Tahoe Pacific Hospital which operates long-term hospitals within hospitals last week moved its 21-bed operation from the fifth floor to the third floor at Saint Mary's, taking about 12,000 square feet.
The for-profit provider of long-term acute care, which also operates a 39-bed facility at Renown South Meadows, moved because Saint Mary's needed to expand its telemetry unit.
But the move allows Tahoe Pacific to revamp its operations to better utilize its space.
"Because we see some of the sickest patients in the community, a lot of times patients can't be placed in the same rooms because of their illnesses. We have to use a double room as a single room," says Chief Executive Officer Colin O'Sullivan.
Tahoe Pacific now has 13 large private rooms that can accommodate family members at Saint Mary's Tahoe Pacific, whose parent company, LifeCare Hospitals, operates 20 acute-care facilities in 10 states, entered the northern Nevada healthcare market 14 years ago at Northern Nevada Medical Center before it moved its operation to the other two hospitals.

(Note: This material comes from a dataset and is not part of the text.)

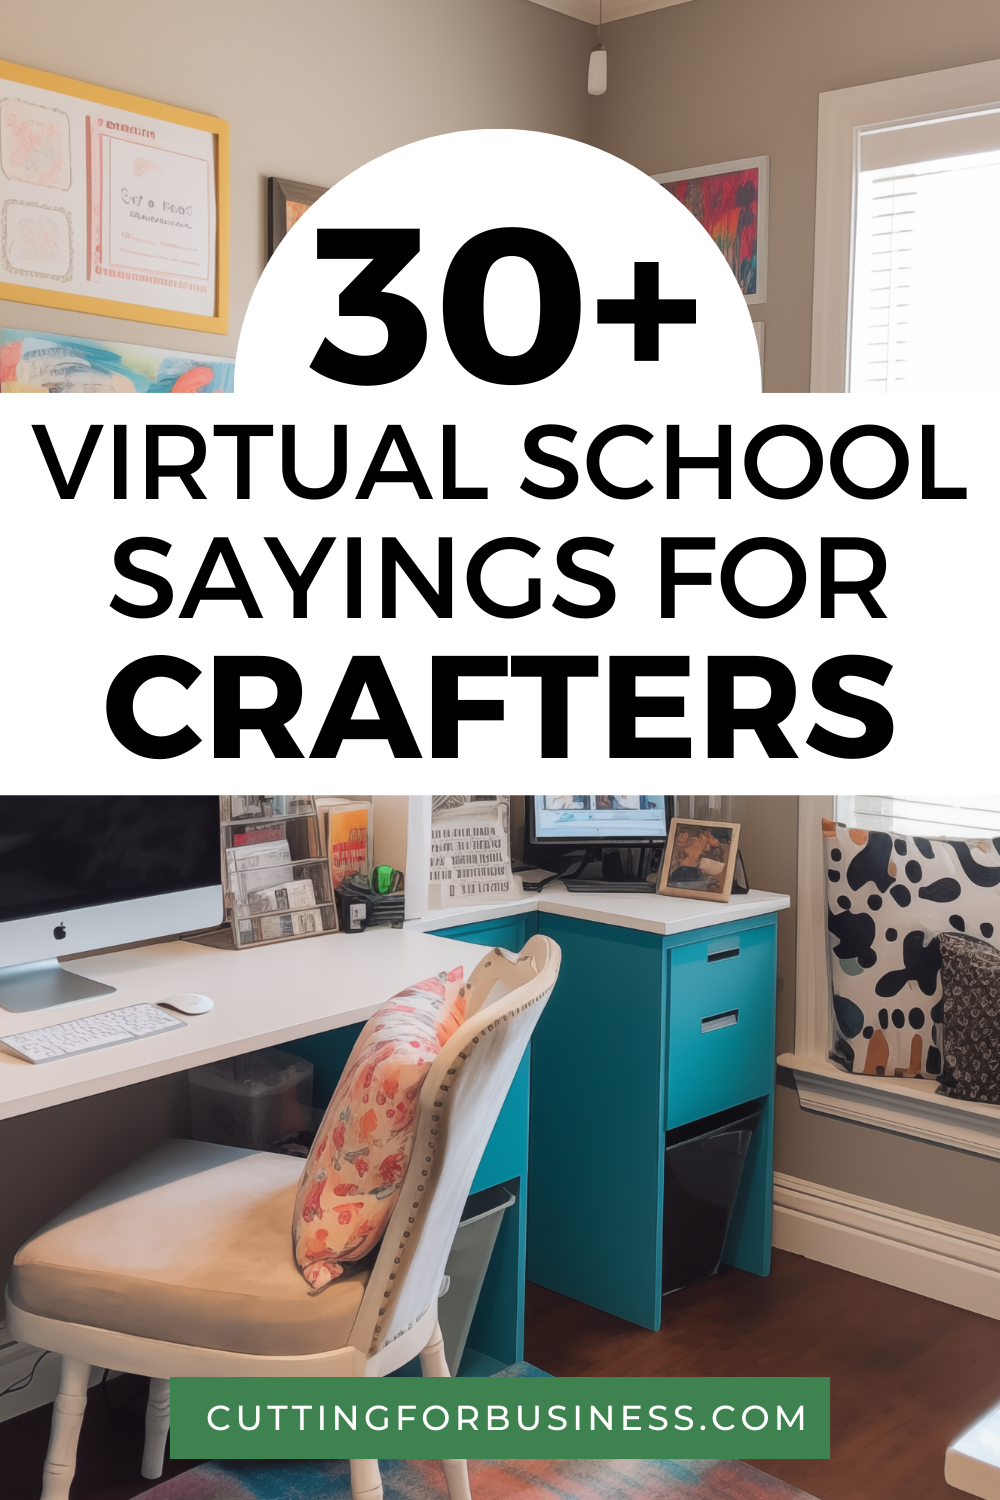 30+ Virtual Back to School Sayings for Crafters - cuttingforbusiness.com

Tahoe Pacific specializes in pulmonary, complex medical and wound care the three foundations of long-term acute care hospitals, says O'Sullivan. More than half of the long-term acute-care hospitals in the country utilize the HIH, or hospital-in-a-hospital, business model and lease space from a primary medical care facility.
"Over the last 20 years, for the short-term hospitals, a lot of the business has gone to outpatient they get them in and they get them out, shorter lengths of stay," O'Sullivan says. "So they have a lot of empty space. Rather than building a hospital and taking on all the associated overhead, long-term acute-care facilities lease unused space in hospitals on a long-term basis."
Helen Lidholm, chief operating officer at Saint Mary's, says the availability of the Tahoe Pacific facilities reduces disruption for patients and their families as they move from an acute-care facility.
Tahoe Pacific's revenues are generated primarily through MediCare since the facility mostly serves older patients.
Tahoe Pacific purchases most routine hospital services such as housekeeping, food service and laboratory work from Saint Mary's.
The two Tahoe Pacific locations employ 175 people, with staff rotating between locations as needed. O'Sullivan says that because the hospital oversees the most critically sick patients, staff often are the most well-trained nurses, occupational and respiratory therapists in the area.
"We have some of the highest trained skilled staff in this community," he says.
LifeCare Hospitals primarily operates facilities in the East; its Western regional presence includes hospitals in Denver and Boise.